I need to extend this question, which sums values of an array based on indices from a second array. Let A be the result array, B be the index array, and C the array to be summed over. Then A[i] = sum over C such that index(B) == i.

Instead, my setup is

N = 5
M = 2

A = np.zeros((M,N))
B = np.random.randint(M, size=N) # contains indices for A
C = np.random.rand(N,N)

I need A[i,j] = sum_{k in 0...N} C[j,k] such that C[k] == i , i.e. a rowsum conditional on the indices of B matching i. Is there an efficient way to do this?
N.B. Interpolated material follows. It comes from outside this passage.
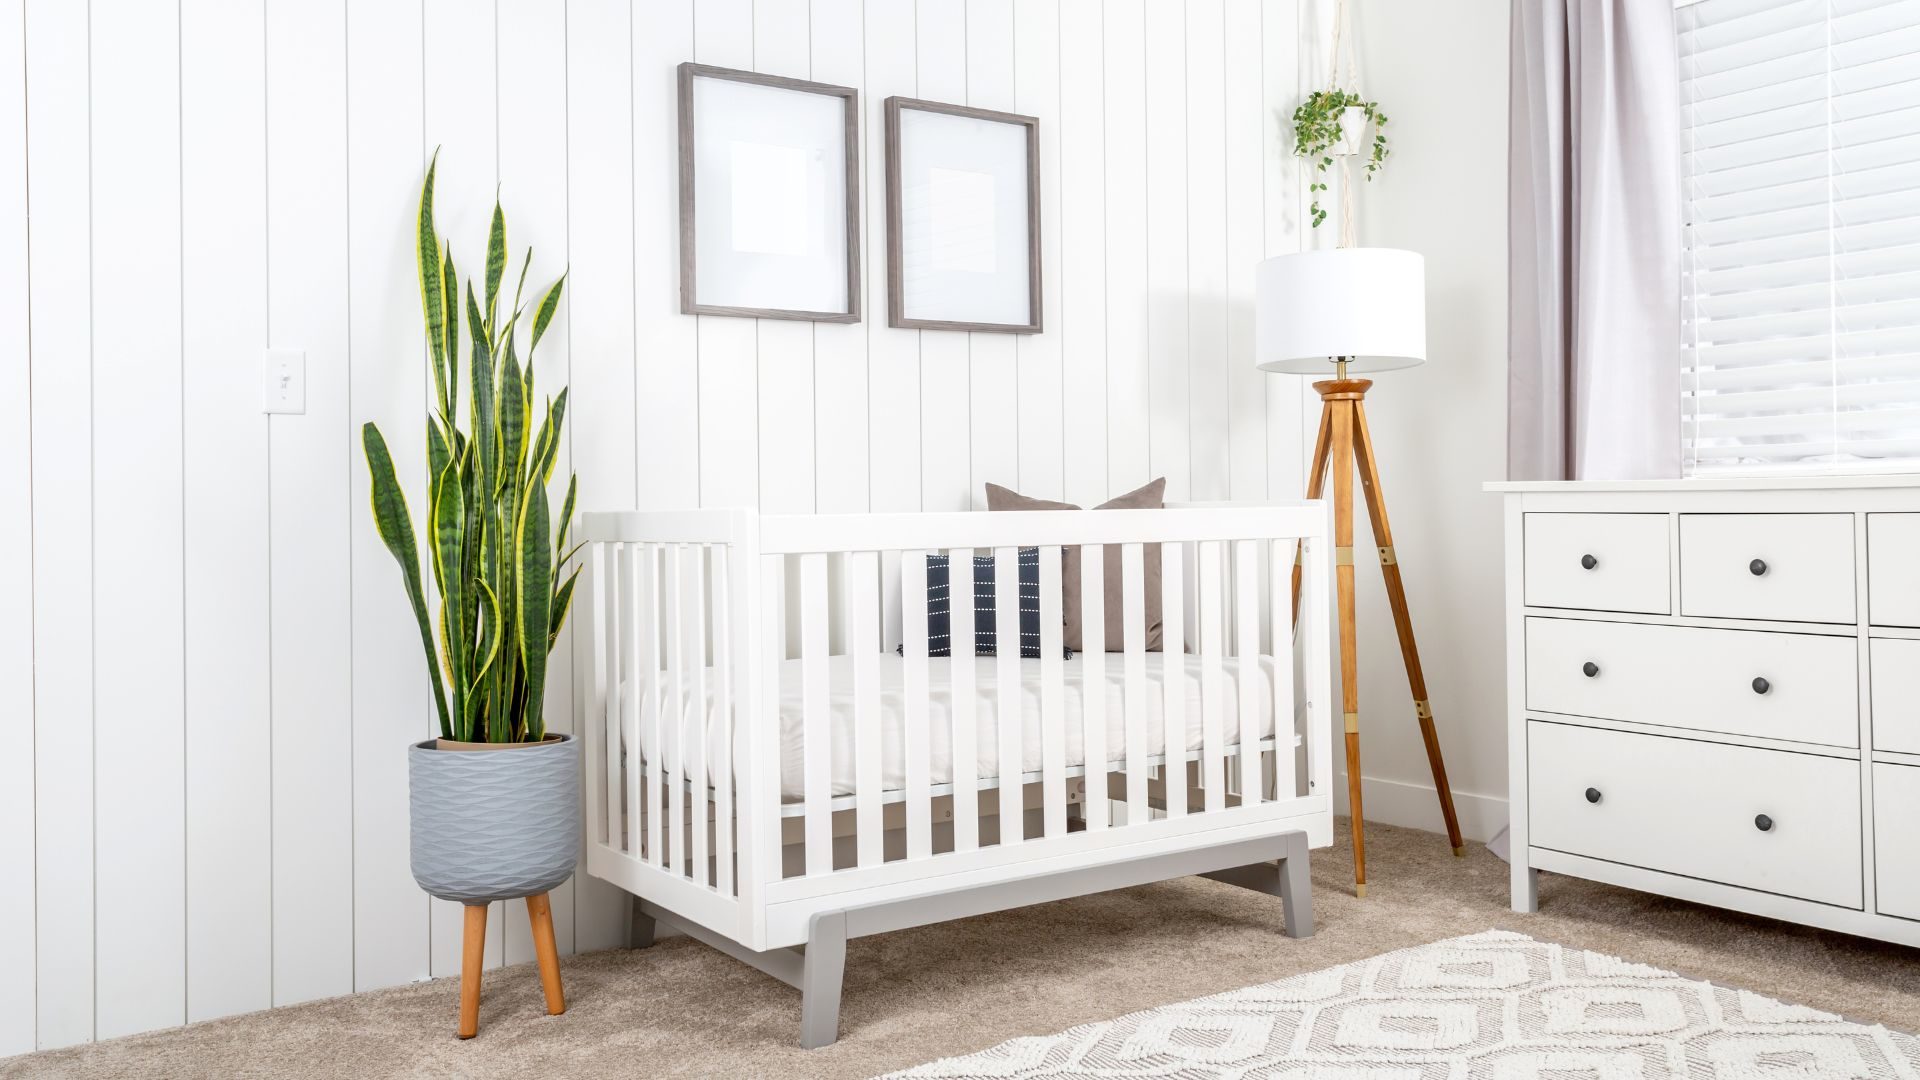 How To Design a Nursery for a Small Room
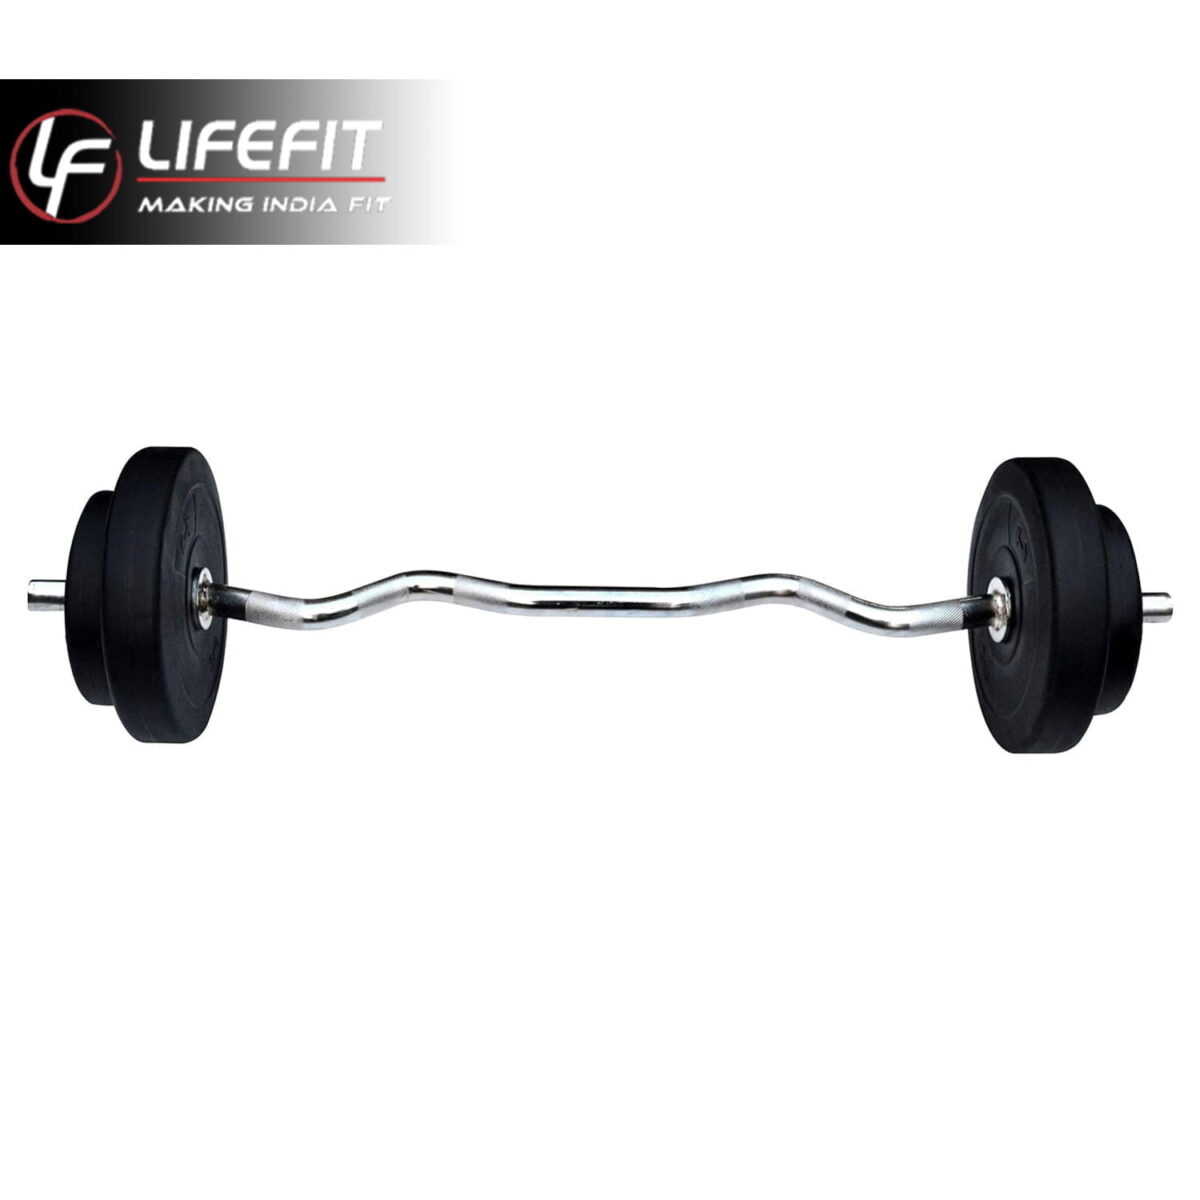 The Life Fit EZ Curl Bar is showcased, featuring the "Life fit" logo, making it an ideal choice for those seeking a quality weightlifting experience.

For my application N is around 10,000 and M is around 20. This operation is called for every iteration in a minimization problem... my current looping method is terribly slow.

Thanks!

312

asked Apr 07 '13 16:04

Kevin

2 Answers

Following @DSM's comment, I'm assuming your C[k] == i supposed to be B[k] == i. If that's the case, does your loop version look something like this?

Nested Loop Version

import numpy as np

N = 5
M = 2

A = np.zeros((M,N))
B = np.random.randint(M, size=N) # contains indices for A
C = np.random.rand(N,N)

for i in range(M):
    for j in range(N):
        for k in range(N):
            if B[k] == i:
                A[i,j] += C[j,k]

There's more than one way to vectorize this problem. I'm going to show my thought process below, but there are more efficient ways to do it (e.g. @DSM's version that recognizes the matrix multiplication inherent in the problem).

For the sake of explanation, here's a walk-through of one approach.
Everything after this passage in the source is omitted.